SAM provides a query language for retrieving sets of files by their metadata values which has been enhanced to allow simple queries like “run_number 13501 and file_format raw” which returns all raw data files from run 13501. It also allows more complex queries such as “run_number 13501 and file_format raw and notisparentof: (application reconstruction and version S12.02.14)” which returns all raw files from run 13501 which do not have a derived file reconstructed with the specified version of the software.

Flexible datasets can be created as stored queries. These datasets are evaluated dynamically; if more files that match the query criteria have been added since the dataset was created they will be included when it is used. End users can define their own datasets. They aren’t restricted to a predefined set created by an administrator.

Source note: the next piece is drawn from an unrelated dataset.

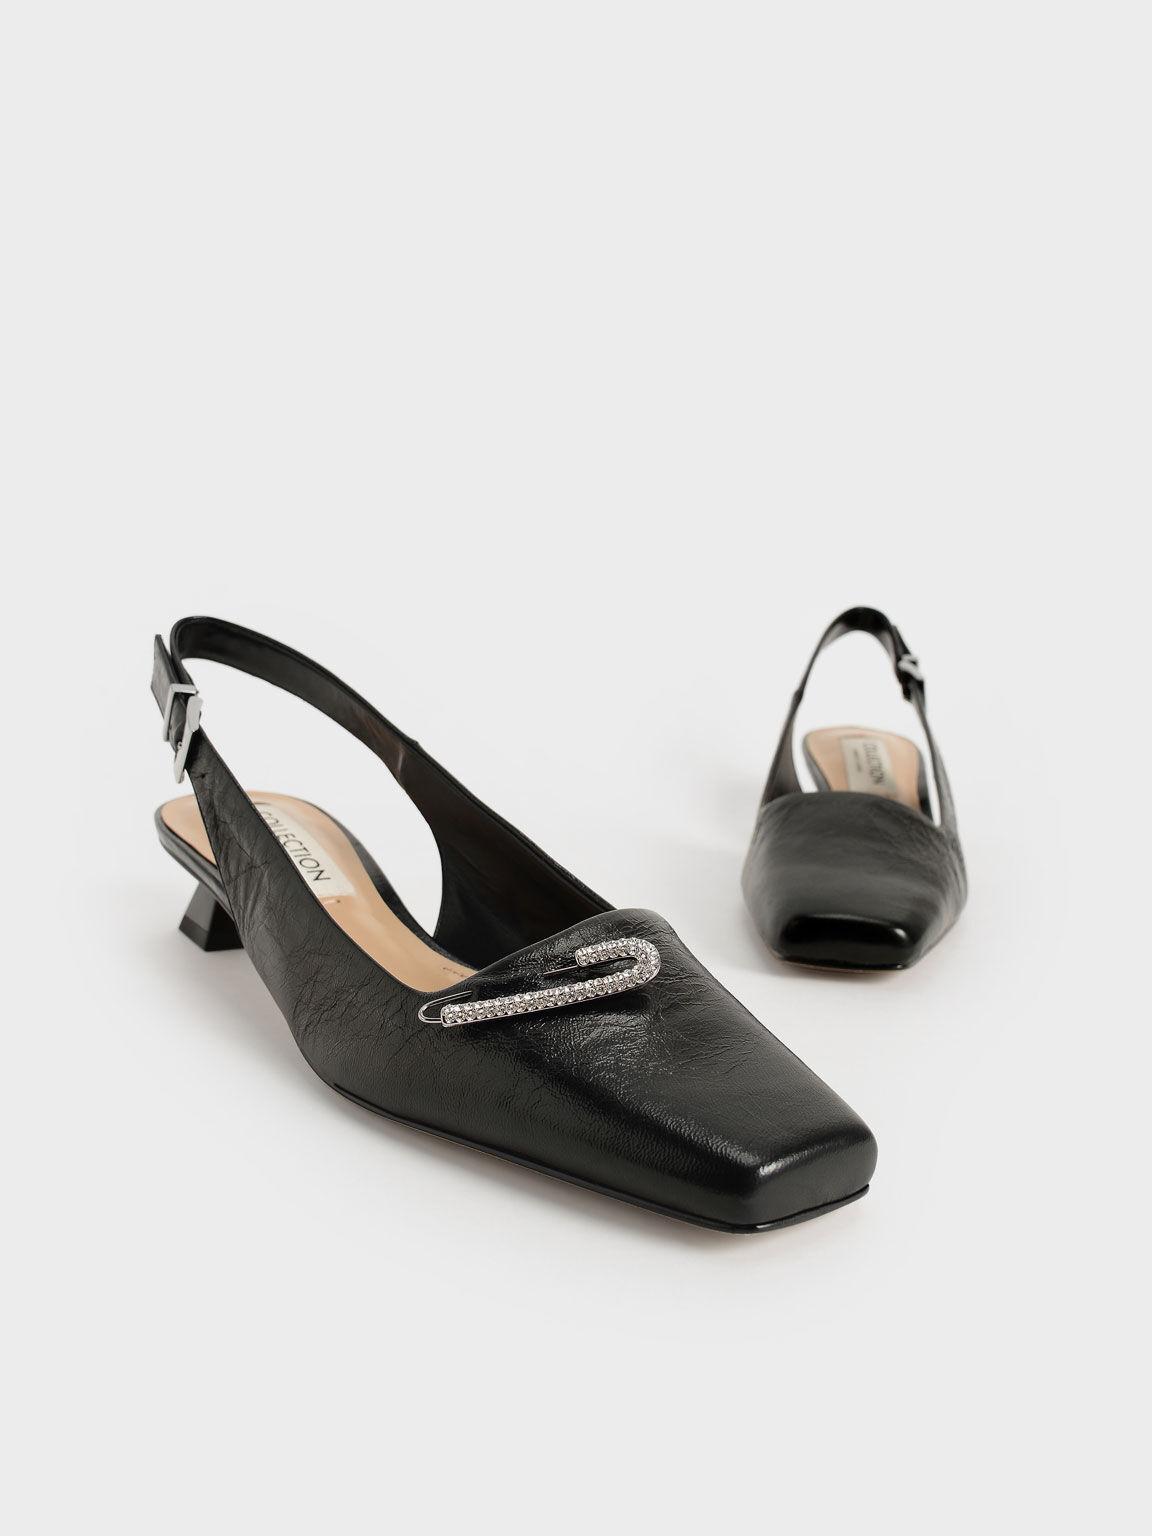 Gem-Embellished Leather Slingback Pumps, Black, hi-res

SAM is neutral as to the access method used for the ‘last-mile’ access of the data files from the storage system to the worker node. The job is responsible for the access method used.

from Robert Illingworth
Picture from: Robert Illingworth

Because SAM works with datasets rather than individual files, it can command prestaging of files from tape, or transfers from storage system to storage system, before the end user job needs to access the file. This enables more efficient file access than a purely access driven system while not requiring manual staging of datasets.

All SAM file activity is logged in a database. This keeps a complete record of which files were given to which jobs, and which files and jobs were reported as having completed successfully. And this is all done by SAM, so the user doesn't have to do this bookkeeping.

The tracking of all file activity allows for simple recovery for files that were not correctly processed. This can happen for a variety of reasons:
  • the storage system may not have been able to provide some of the dataset;
  • the job may not have completed processing due to preemption or crashes;
  • output may have been lost due to some failure of the copy back procedure.
    SAM can automatically create a recovery dataset for any project. This consists of all the files that were not successfully processed in the first pass.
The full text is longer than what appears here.